#### SUPPLIED DATA
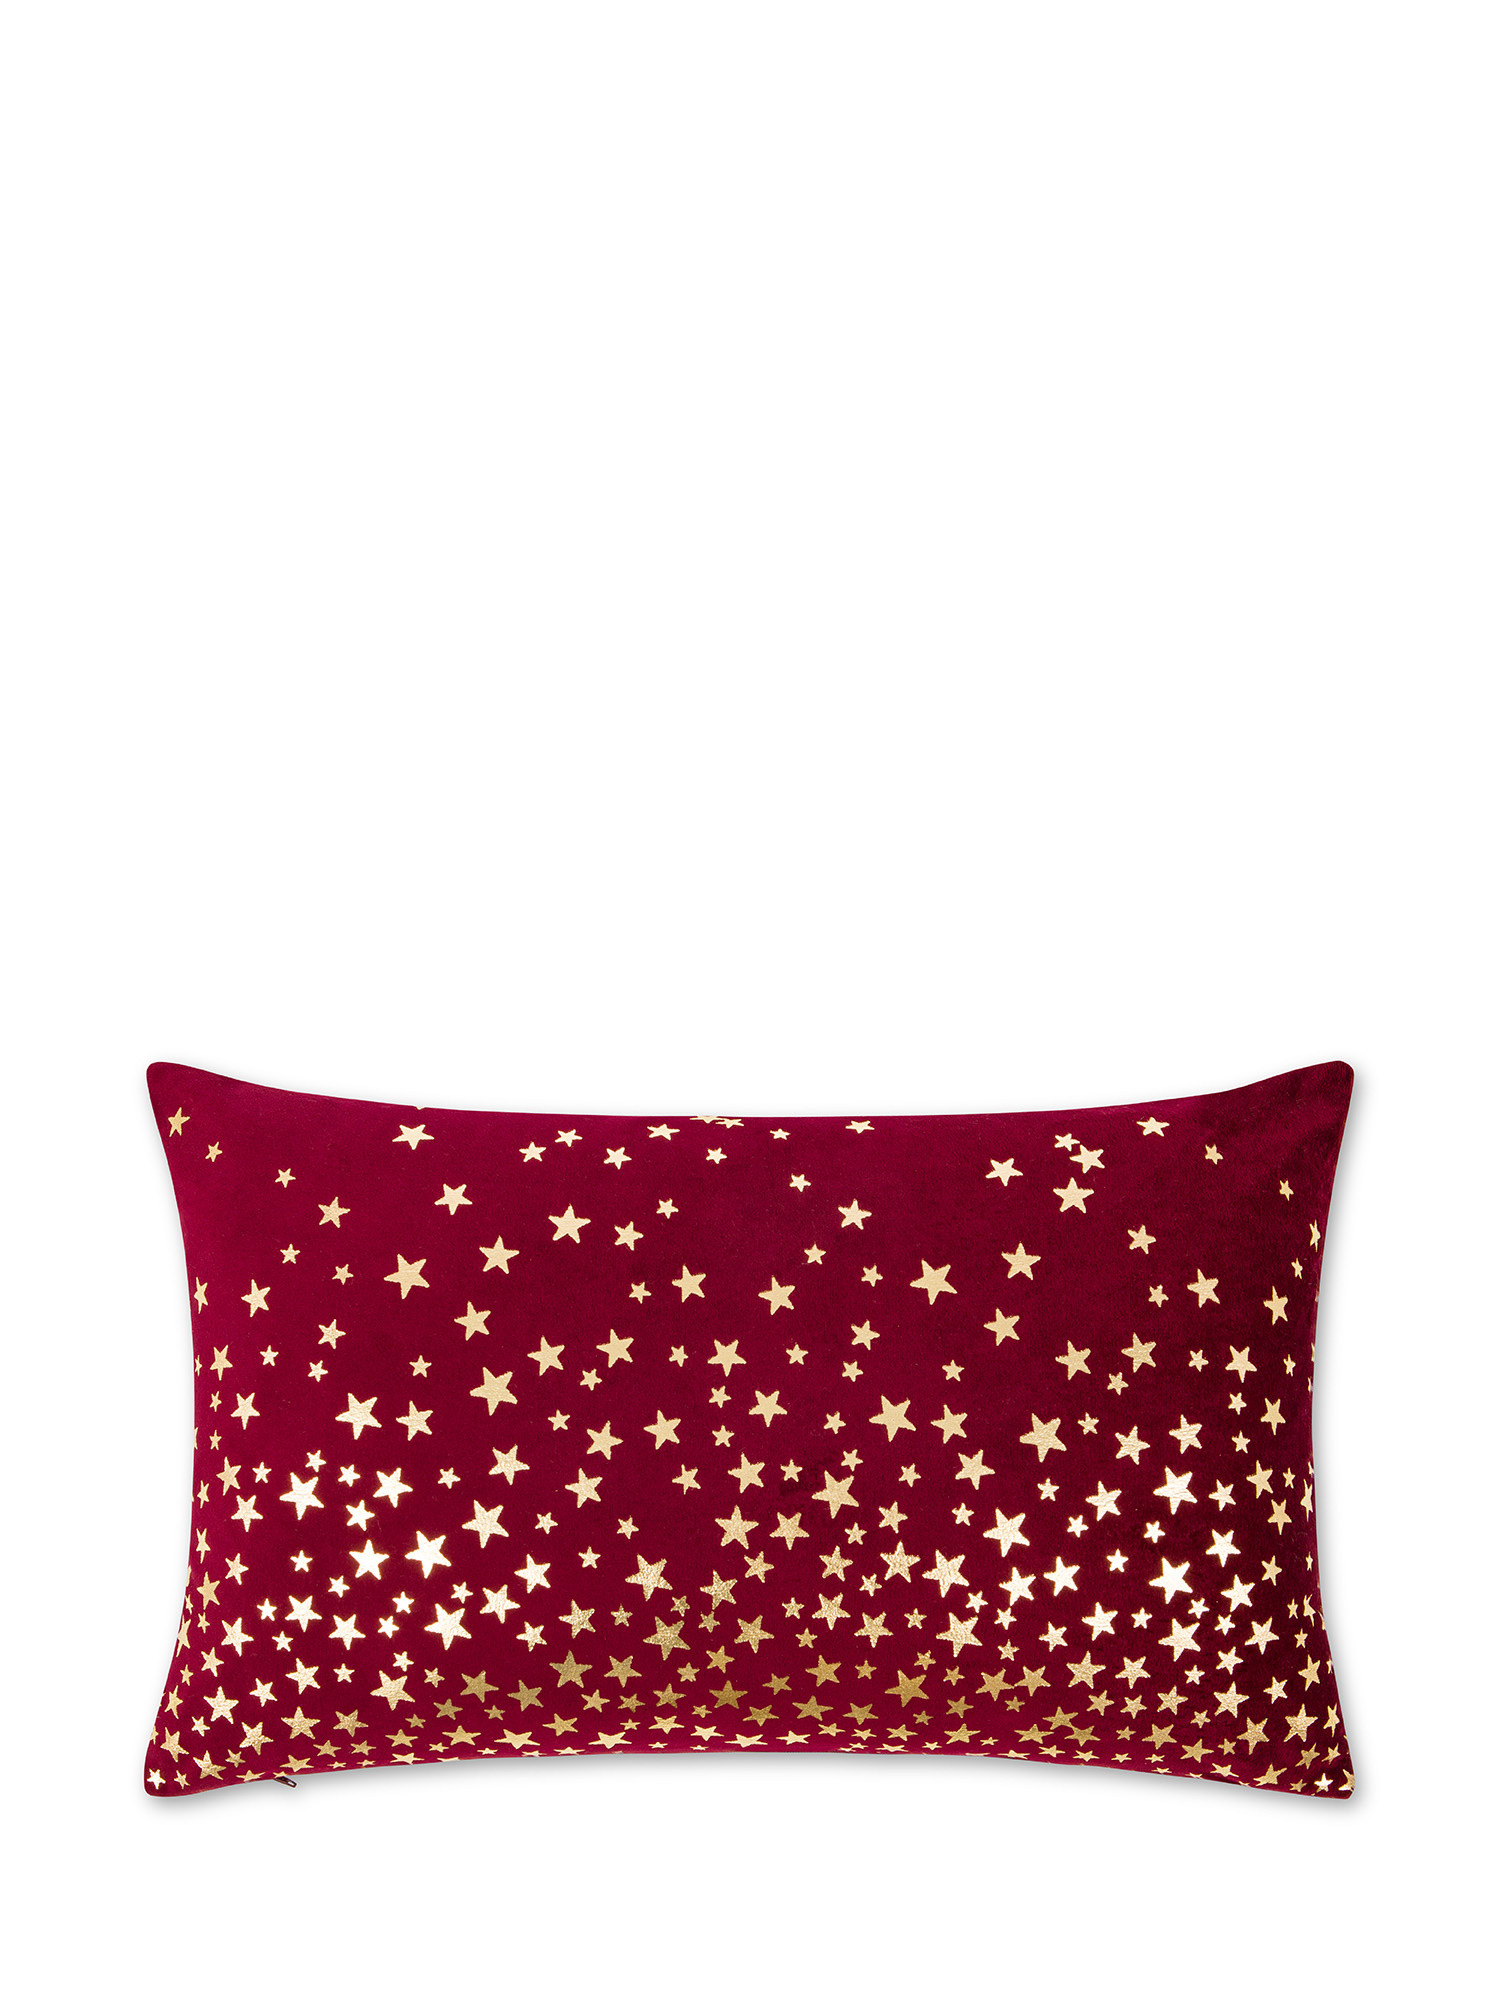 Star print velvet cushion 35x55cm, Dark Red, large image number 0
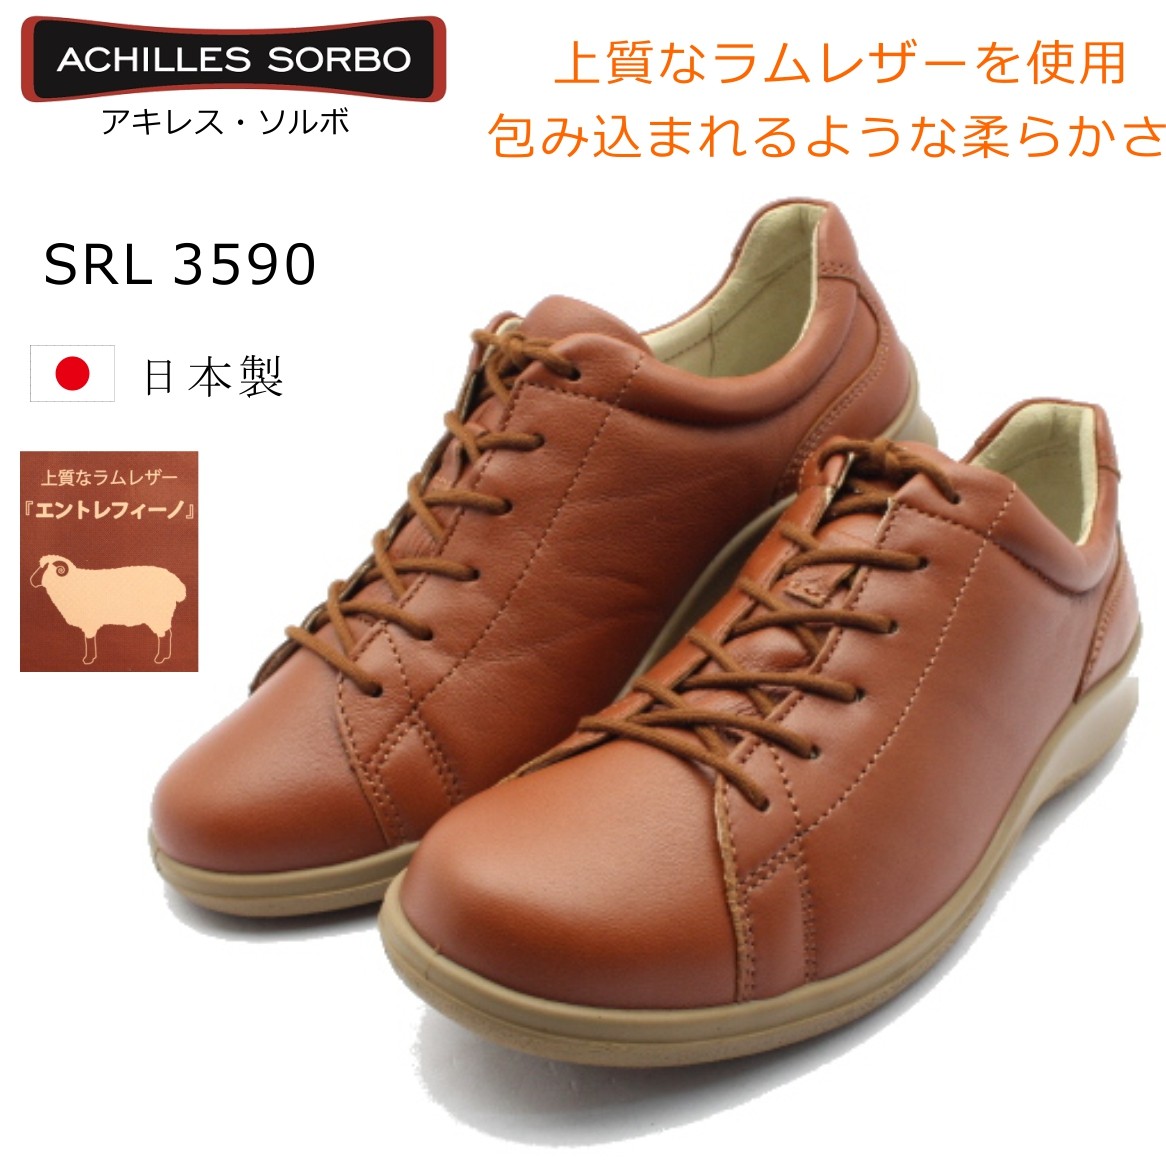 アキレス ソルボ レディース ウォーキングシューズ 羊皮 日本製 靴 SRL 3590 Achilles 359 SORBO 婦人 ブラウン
* * *
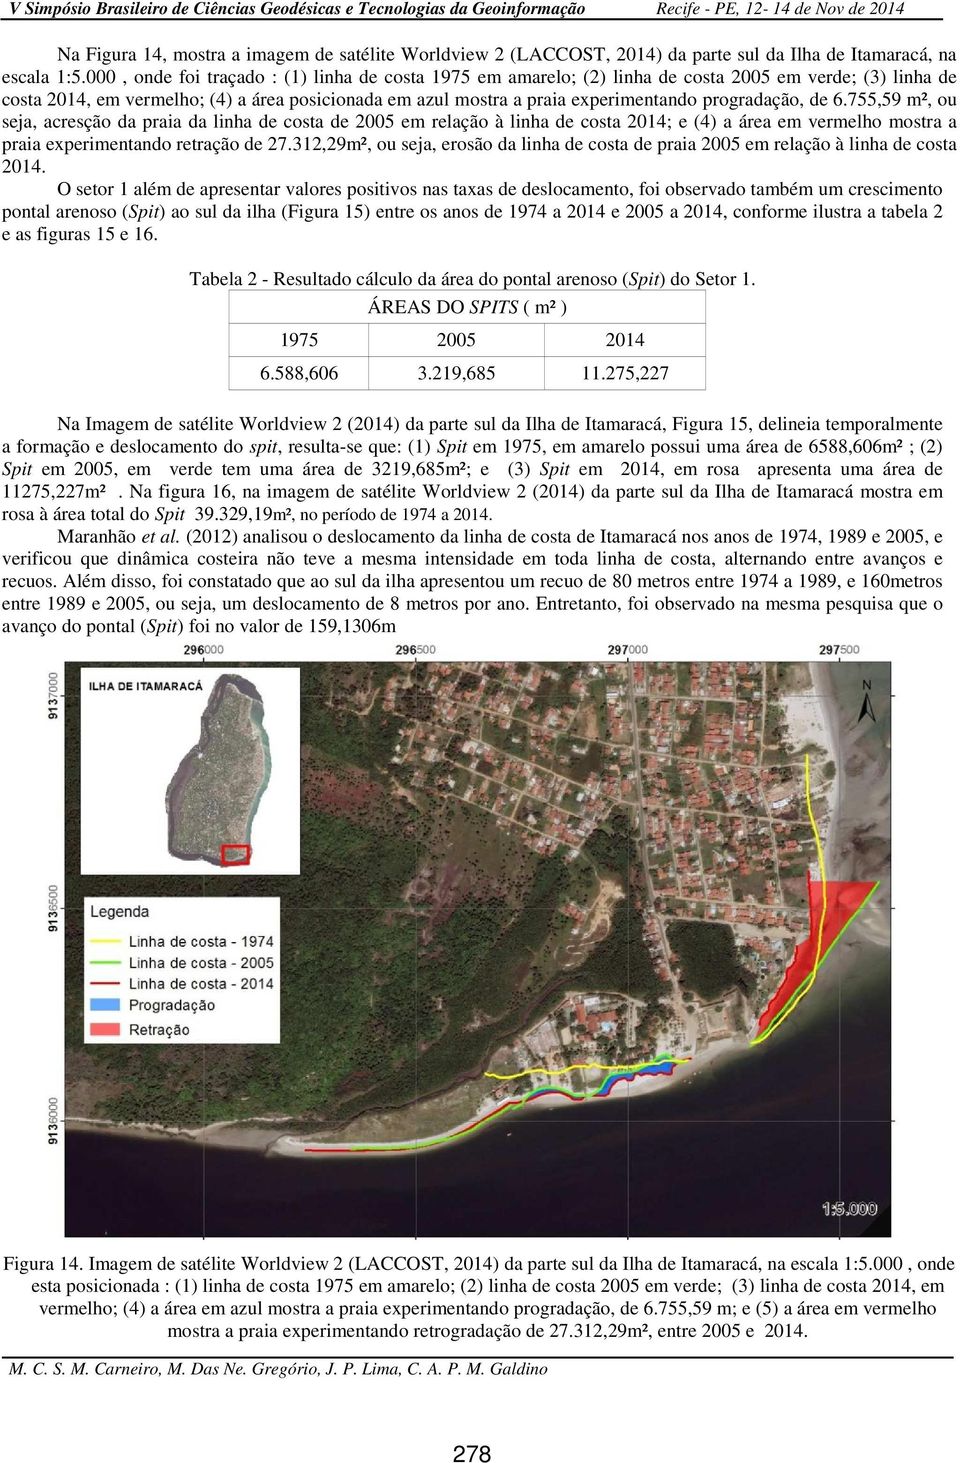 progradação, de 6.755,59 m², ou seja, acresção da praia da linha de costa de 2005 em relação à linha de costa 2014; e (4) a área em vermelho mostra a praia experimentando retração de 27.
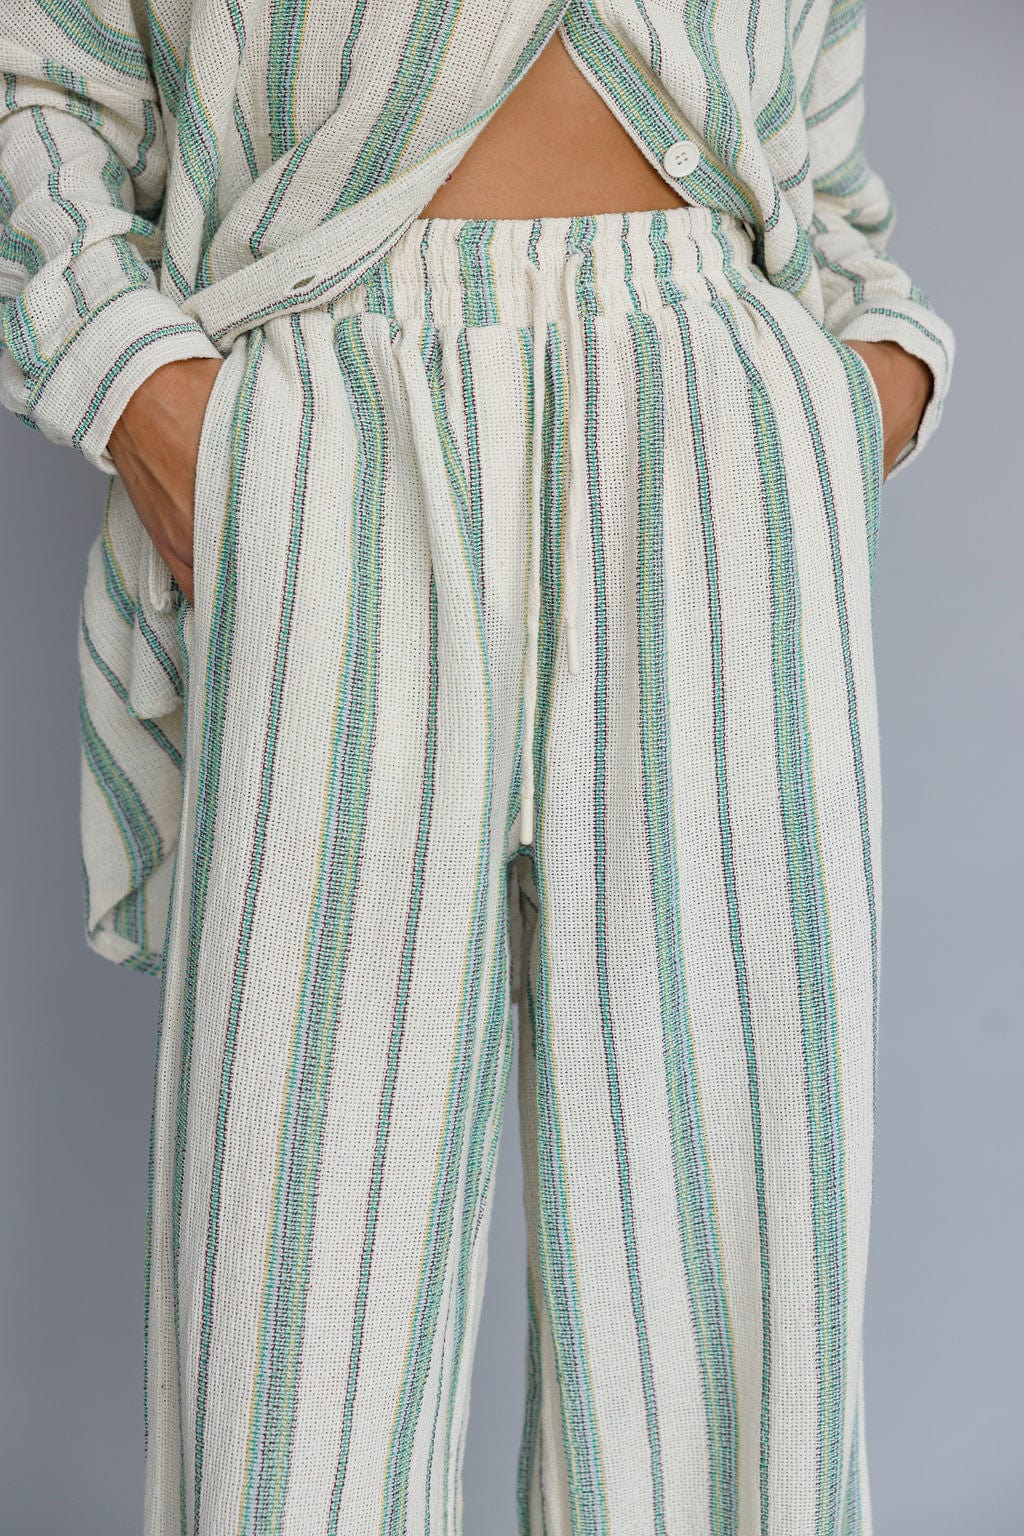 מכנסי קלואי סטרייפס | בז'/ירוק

#### WHAT THE EXERCISE ASKS
Please repeat the lines of the material above exactly, starting with the line that contains "Star print velvet" and ending with the line that contains "アキレス ソルボ レディース". Leave the pictures out.

#### WORKED SOLUTION
 Star print velvet cushion 35x55cm, Dark Red, large image number 0
 アキレス ソルボ レディース ウォーキングシューズ 羊皮 日本製 靴 SRL 3590 Achilles 359 SORBO 婦人 ブラウン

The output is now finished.